:: DATASET RECORDS ::
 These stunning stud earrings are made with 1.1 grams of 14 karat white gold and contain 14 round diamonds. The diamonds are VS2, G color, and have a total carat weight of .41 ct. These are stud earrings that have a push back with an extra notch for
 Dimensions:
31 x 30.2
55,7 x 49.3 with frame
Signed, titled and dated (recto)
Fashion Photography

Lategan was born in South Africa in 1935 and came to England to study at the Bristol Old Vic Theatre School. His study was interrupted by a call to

==

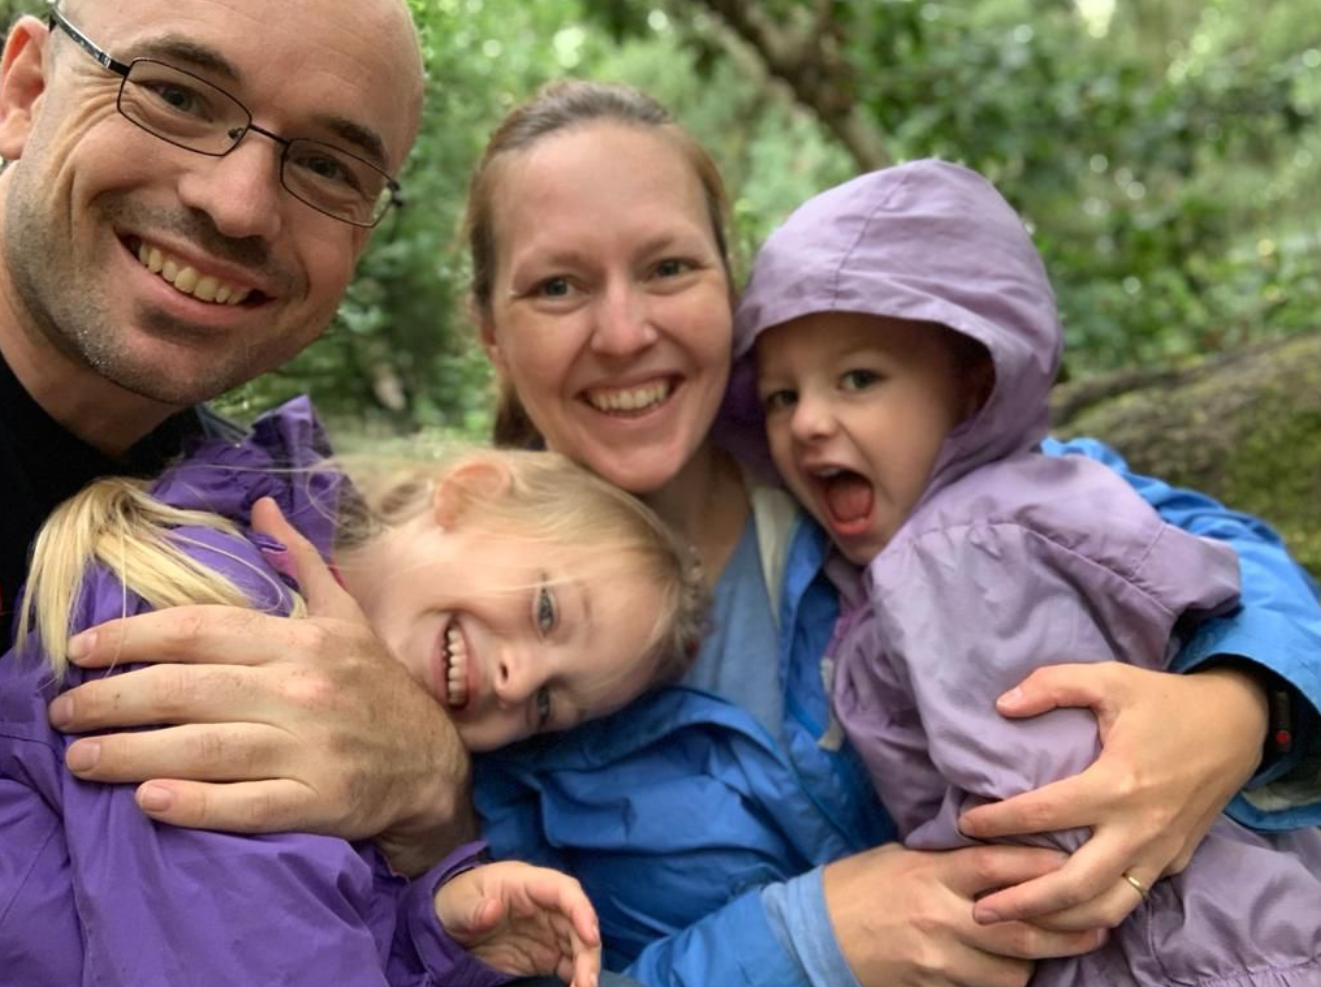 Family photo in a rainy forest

:: DIRECTIONS FOR THIS TASK ::
There is a line with "Signed, titled and dated (recto)" and a line with "Lategan was born" above. Copy exactly those two lines and all lines between them, with nothing else.

:: TASK RESPONSE ::
Signed, titled and dated (recto)
Fashion Photography

Lategan was born in South Africa in 1935 and came to England to study at the Bristol Old Vic Theatre School. His study was interrupted by a call to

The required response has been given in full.